◆ **Raw data**:
══════

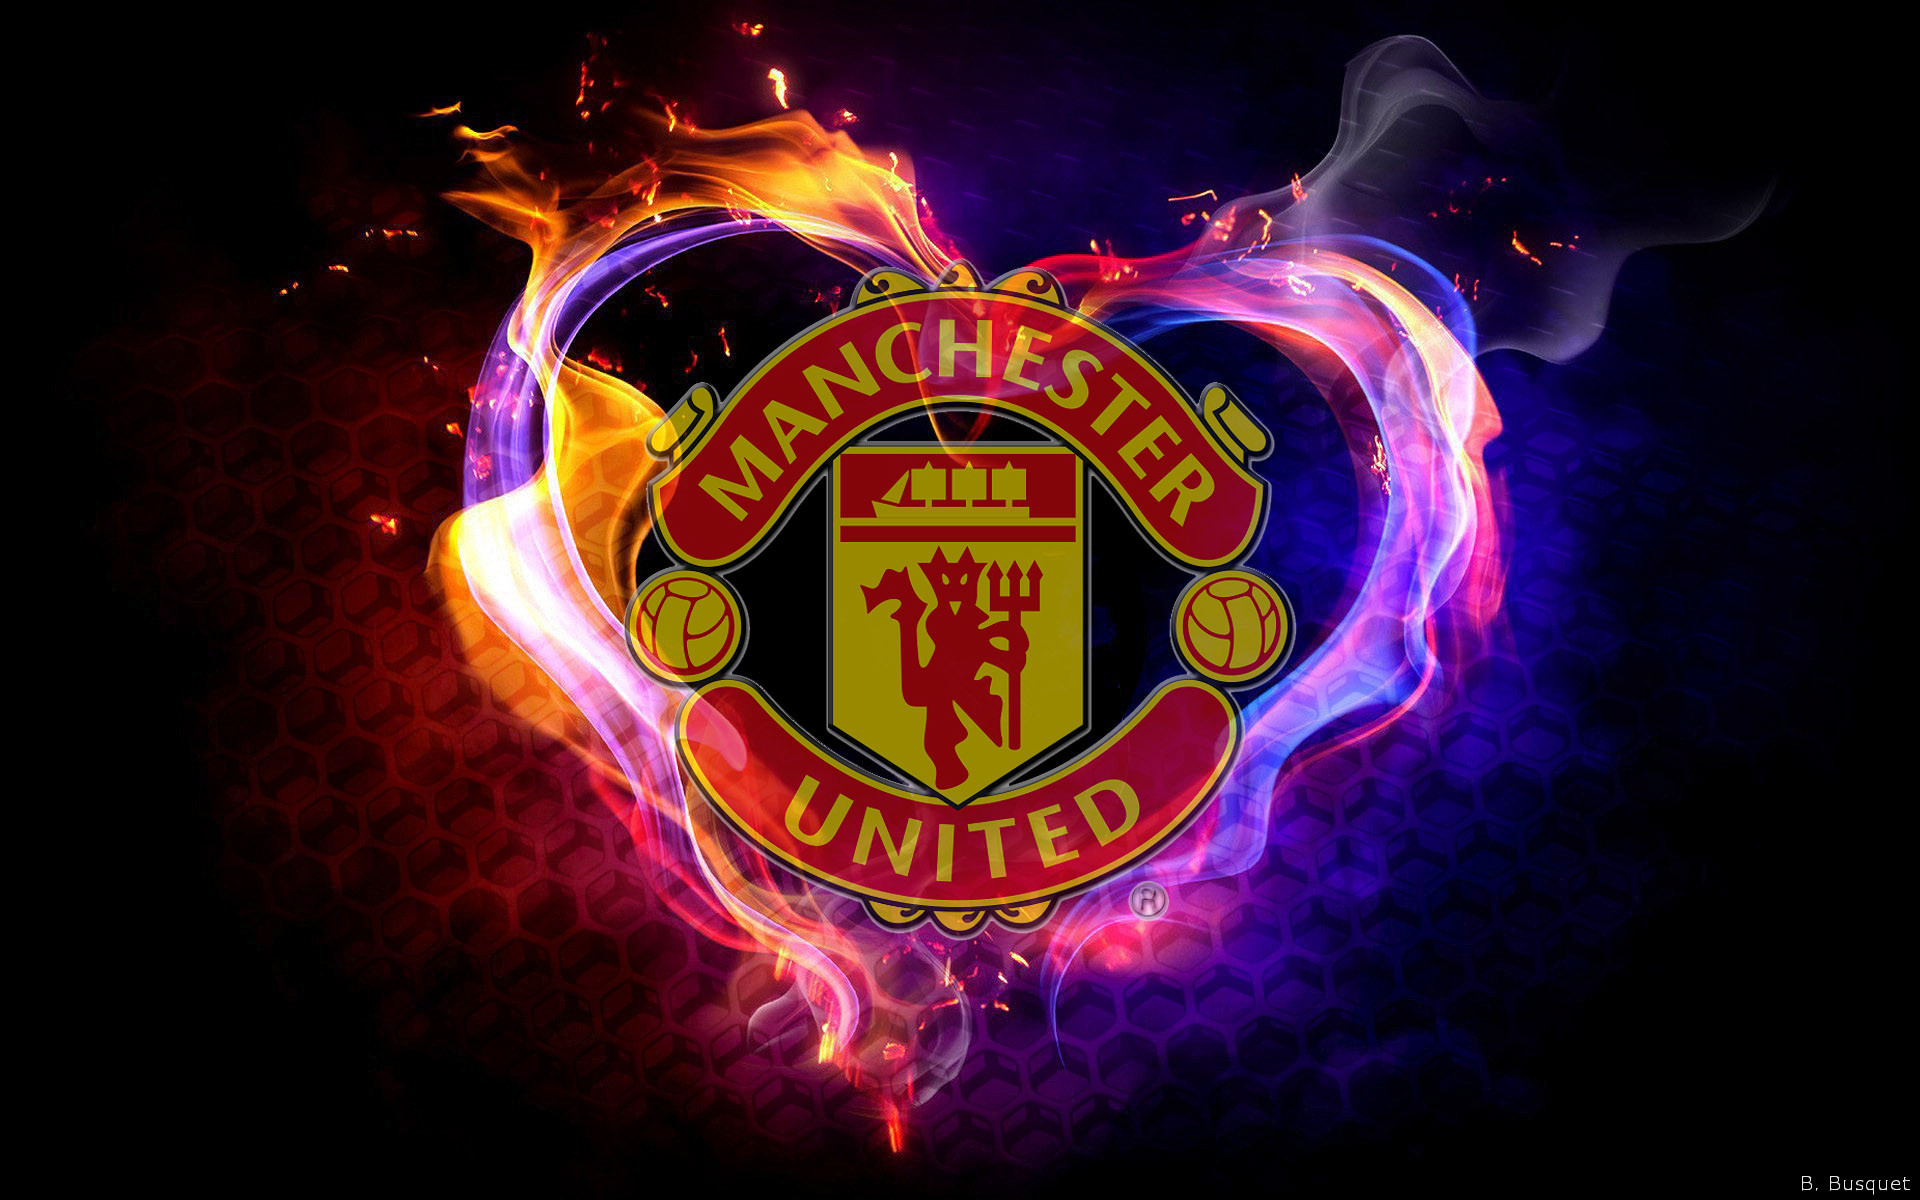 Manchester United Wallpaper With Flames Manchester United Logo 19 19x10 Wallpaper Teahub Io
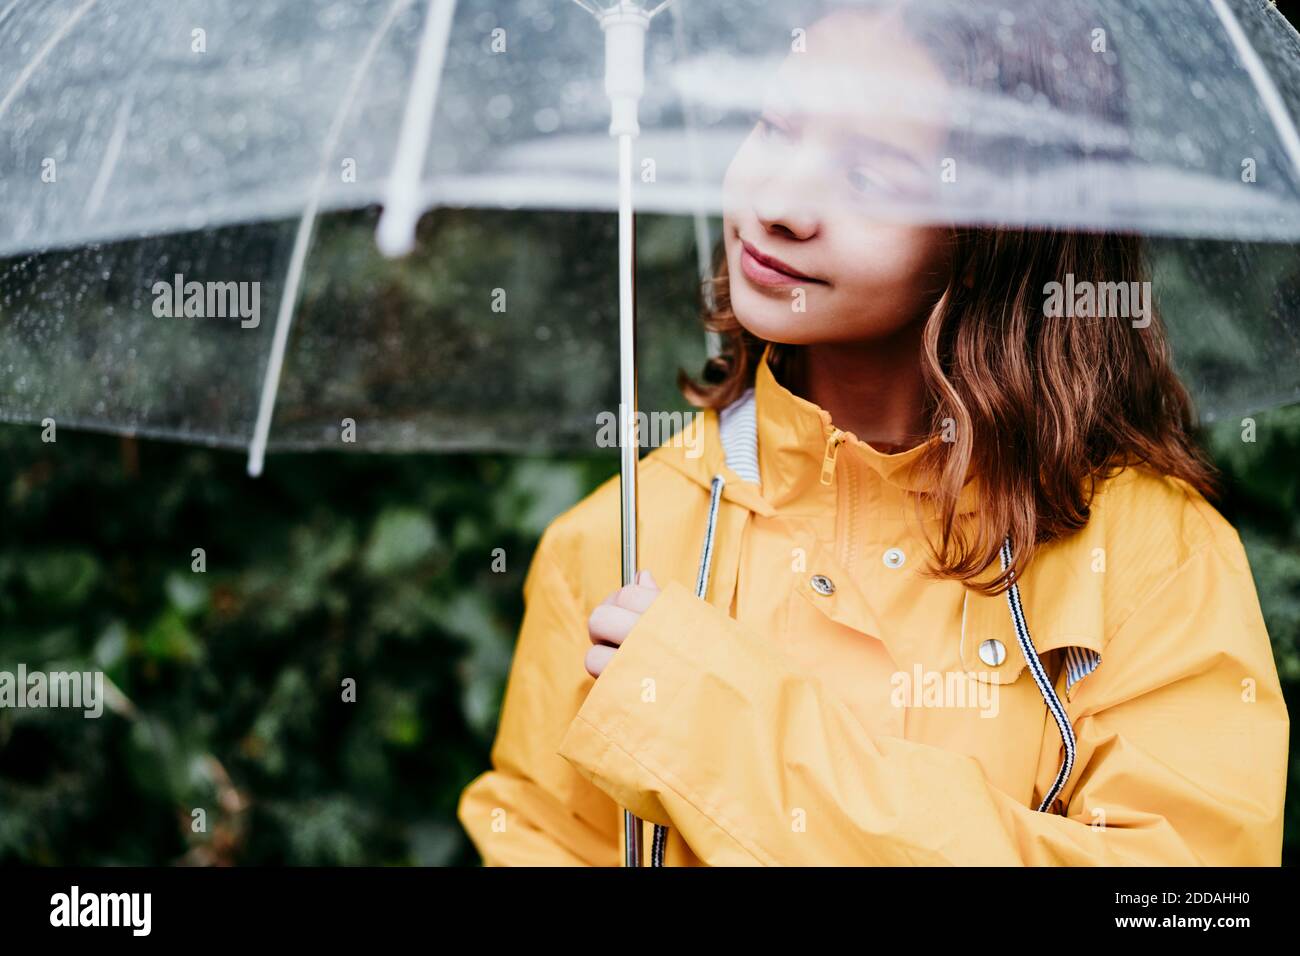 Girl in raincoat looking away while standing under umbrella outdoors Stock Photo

══════

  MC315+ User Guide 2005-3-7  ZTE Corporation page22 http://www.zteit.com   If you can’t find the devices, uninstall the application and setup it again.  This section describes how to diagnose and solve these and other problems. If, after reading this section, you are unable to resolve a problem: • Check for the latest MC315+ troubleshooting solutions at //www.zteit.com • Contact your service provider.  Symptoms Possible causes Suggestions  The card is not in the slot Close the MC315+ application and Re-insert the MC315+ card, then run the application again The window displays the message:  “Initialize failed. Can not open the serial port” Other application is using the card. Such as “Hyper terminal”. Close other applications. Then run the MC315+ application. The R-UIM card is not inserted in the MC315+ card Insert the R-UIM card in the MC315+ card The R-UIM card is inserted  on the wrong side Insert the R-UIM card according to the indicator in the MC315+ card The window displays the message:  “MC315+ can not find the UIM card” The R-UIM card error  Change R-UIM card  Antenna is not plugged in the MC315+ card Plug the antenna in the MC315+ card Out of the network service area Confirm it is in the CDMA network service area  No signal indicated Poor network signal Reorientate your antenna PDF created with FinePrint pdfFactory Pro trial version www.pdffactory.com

══════

Starting at the line above that holds "Manchester United Wallpaper", return each line up to and including the one that holds "Girl in raincoat", exactly as written, minus any pictures.

◆ **Answer for this exercise**:
 Manchester United Wallpaper With Flames Manchester United Logo 19 19x10 Wallpaper Teahub Io
 Girl in raincoat looking away while standing under umbrella outdoors Stock Photo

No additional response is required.